## Problem details
A verbatim copy of all the data is required, minus any images.

Top of Dataset extract

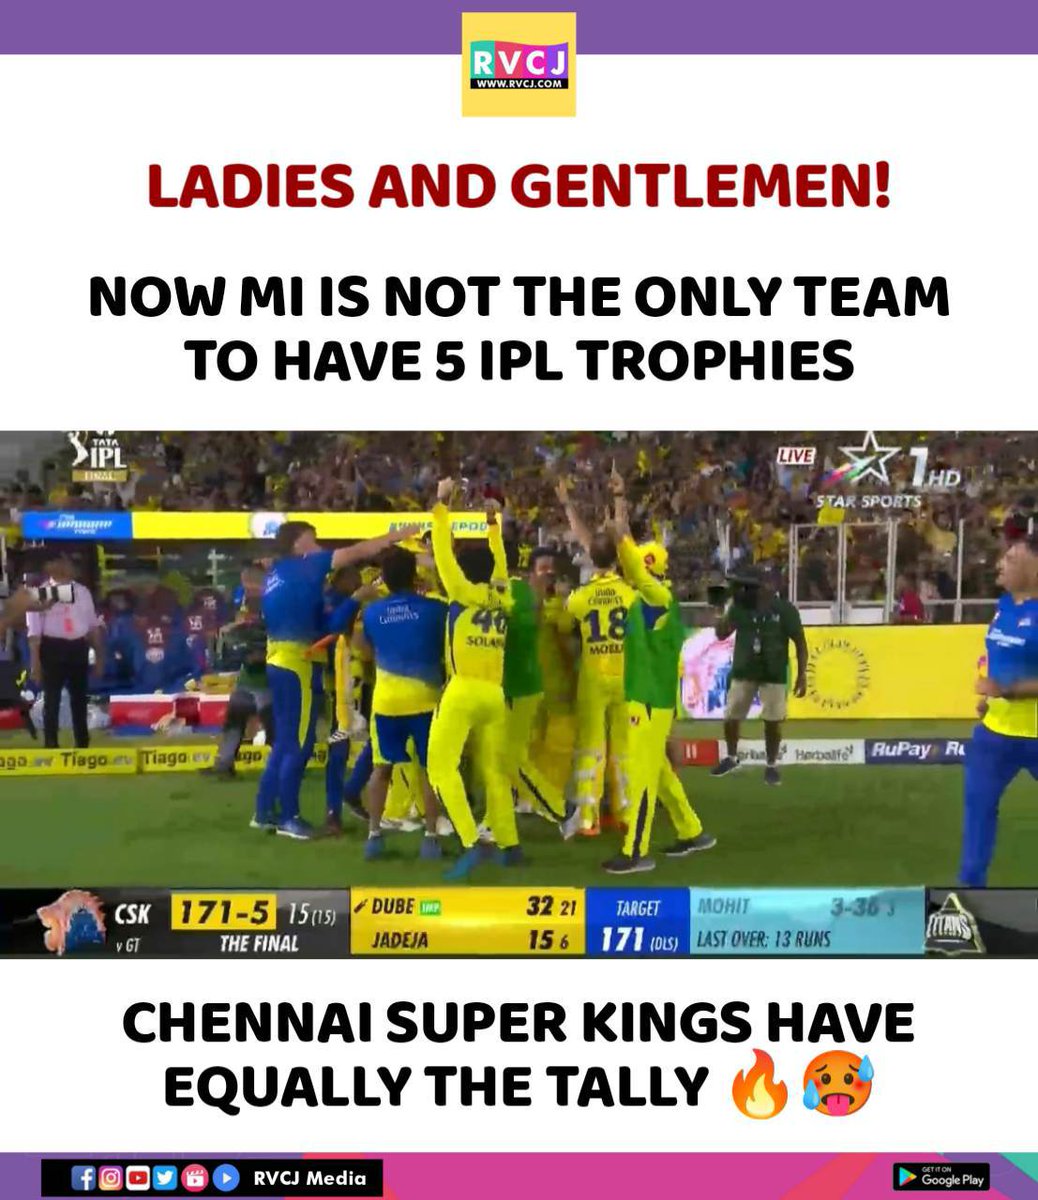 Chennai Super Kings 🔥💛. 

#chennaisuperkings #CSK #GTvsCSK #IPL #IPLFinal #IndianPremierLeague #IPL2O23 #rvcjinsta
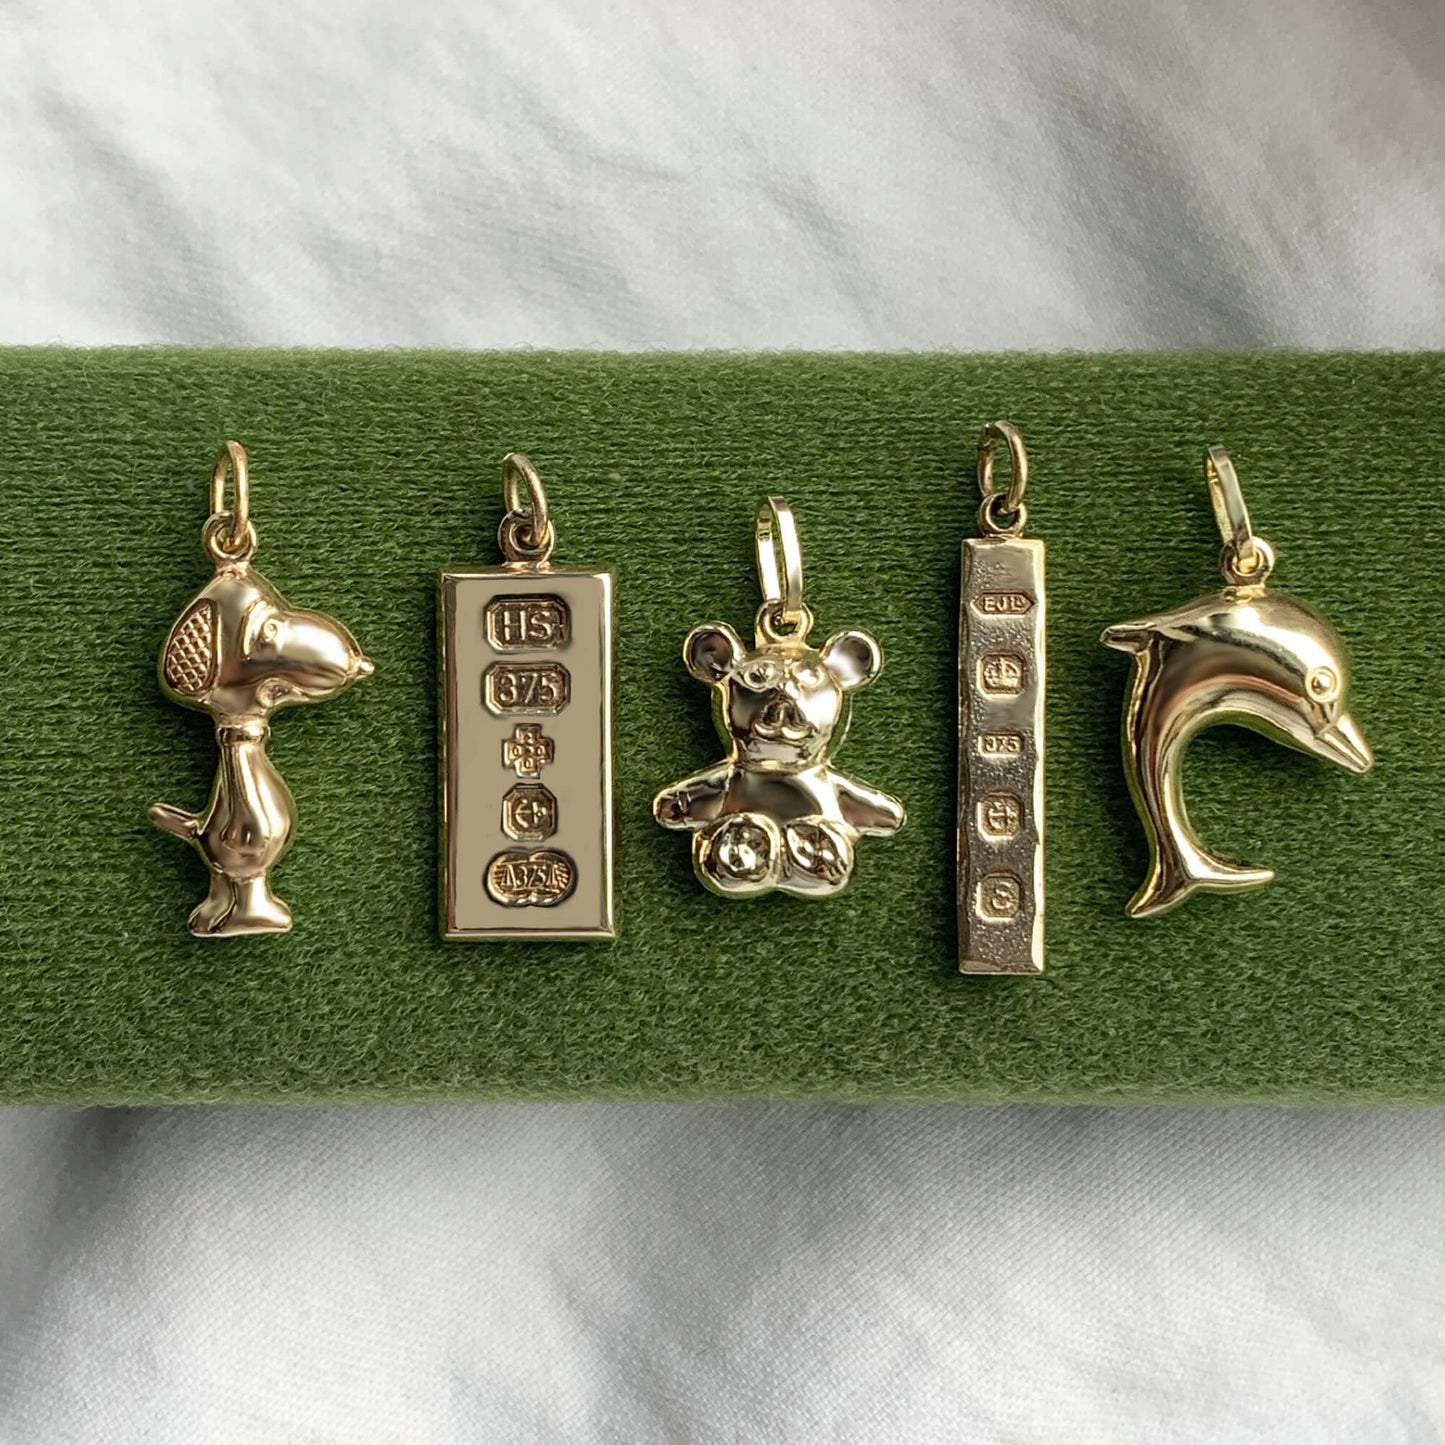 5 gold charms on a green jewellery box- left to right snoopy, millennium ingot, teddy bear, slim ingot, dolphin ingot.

Bottom of Dataset extract

## Task output
 Chennai Super Kings 🔥💛. 

#chennaisuperkings #CSK #GTvsCSK #IPL #IPLFinal #IndianPremierLeague #IPL2O23 #rvcjinsta
 5 gold charms on a green jewellery box- left to right snoopy, millennium ingot, teddy bear, slim ingot, dolphin ingot.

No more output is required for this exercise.